Banking deserts are areas with inadequate banking services. They are usually in rural regions as they are less populated, thus there are less profit opportunities for large banking institutions. Low-income residents and the elderly are particularly vulnerable to the problems associated with banking deserts. If basic financial services are unavailable, residents become "vulnerable to predatory lenders and pricey check cashers". In the US, banking deserts are more often found in communities of color than they are elsewhere.

== History ==
Banking deserts were mentioned as early as the 1870s, by Tullio Martello and Augusto Montanari in their book, Stato attuale del credito in Italia e notizie sulle istituzioni di credito straniere, regarding Italian unification. The term had also been used to describe the situation in Newfoundland and Labrador during the period of 1993 to 2003, when the Canadian province had lost 23% of its bank branches.

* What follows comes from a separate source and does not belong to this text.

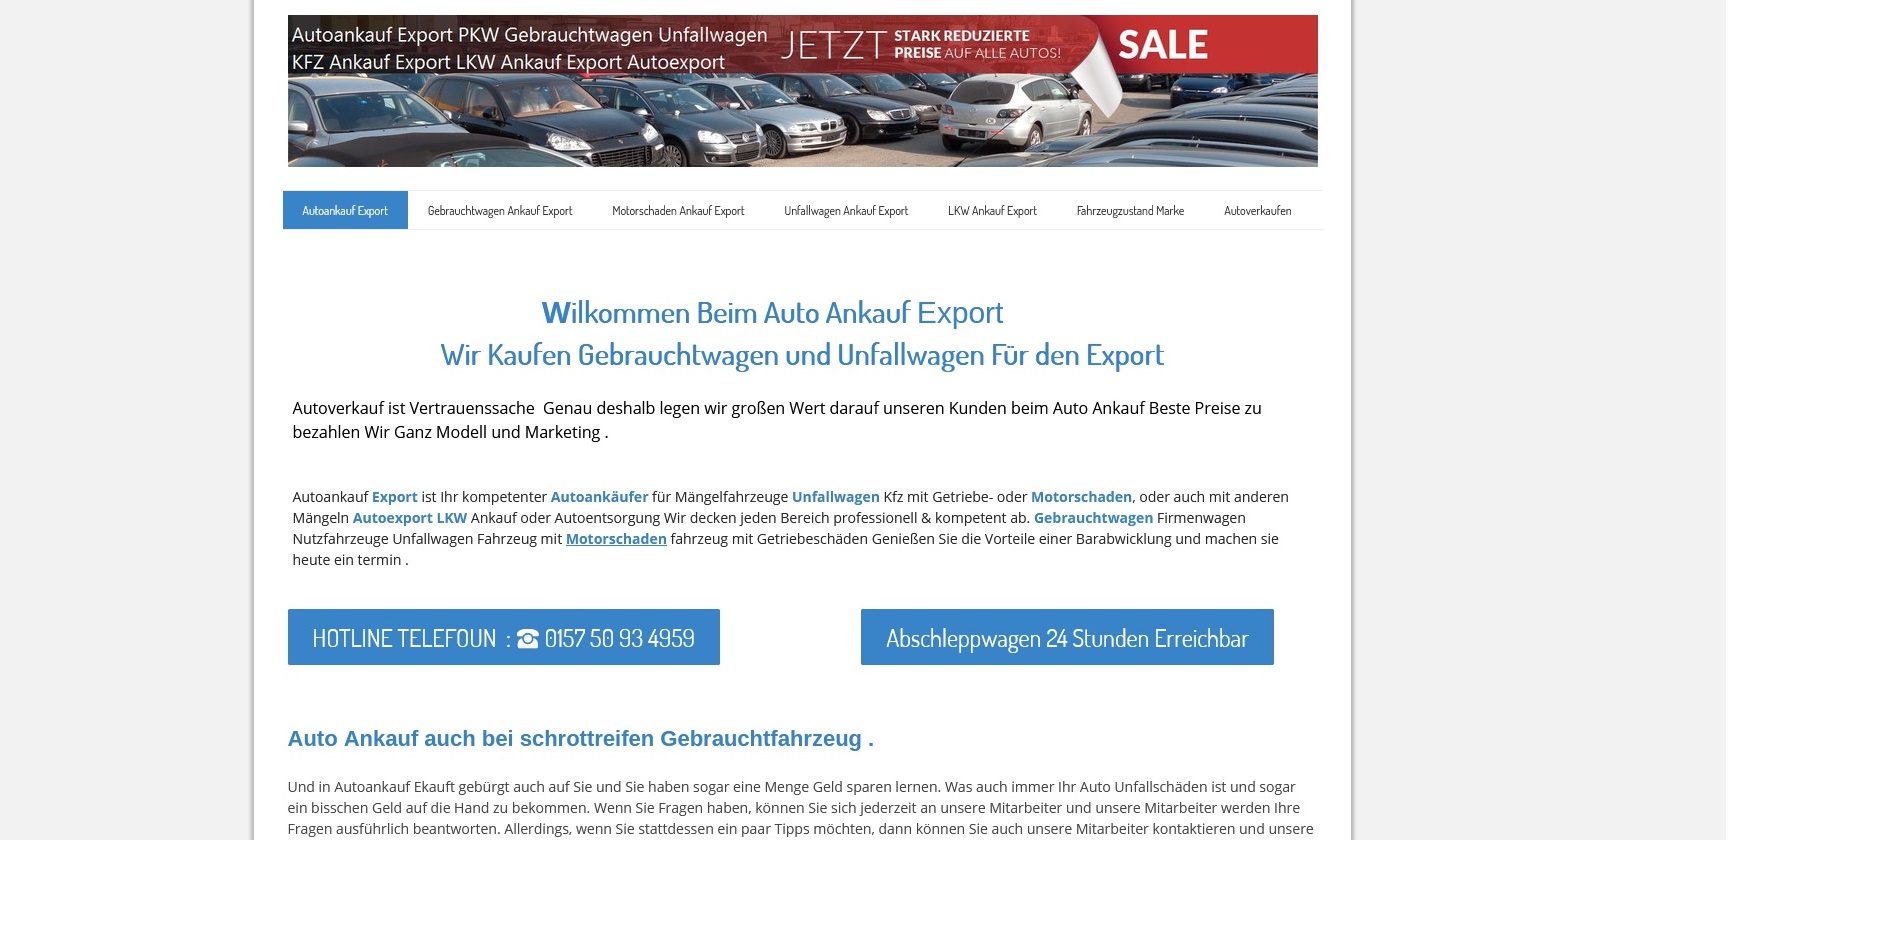 autoankauf koblenz kauft auch ihre auto ohne tuev - Autoankauf Koblenz kauft auch ihre Auto ohne TÜV

Bank deserts have been growing in the United States since the 1990s. Due to federal deregulation, mainstream banking companies were allowed to focus the most on more populated and profitable areas and close banks that didn't produce much revenue, which were usually those in low-income communities and places consisting of people of color. This made way for higher-priced alternative financial services, such as payday lenders and check-cashing stores, to occupy these areas. The number of banking branches in the United States peaked at 99,163 during the Great Recession and fell to 88,070 by 2018; major cities that have had banks close the most in non-white areas include Baltimore, Chicago, Philadelphia, Detroit and Las Vegas.

== Impact ==
It is much harder for citizens to build wealth, credit, and savings with only expensive alternative services and without a physical bank nearby. In addition, children who grow up in banking deserts are less likely to be exposed to parents and other adults using local banks for finances, increasing their chances of financial illiteracy as they grow older. A 2020 Making Sen$e piece that studied banking deserts in Native American reservations found they had very poor credit scores as a result of financial illiteracy and a lack of trust in banking.

==See also==
- Book desert
- Food desert
- Medical desert
- Transit desert
- Underbanked

==Bibliography==
- Einaudi, G. (2008). "Rivista di storia economica"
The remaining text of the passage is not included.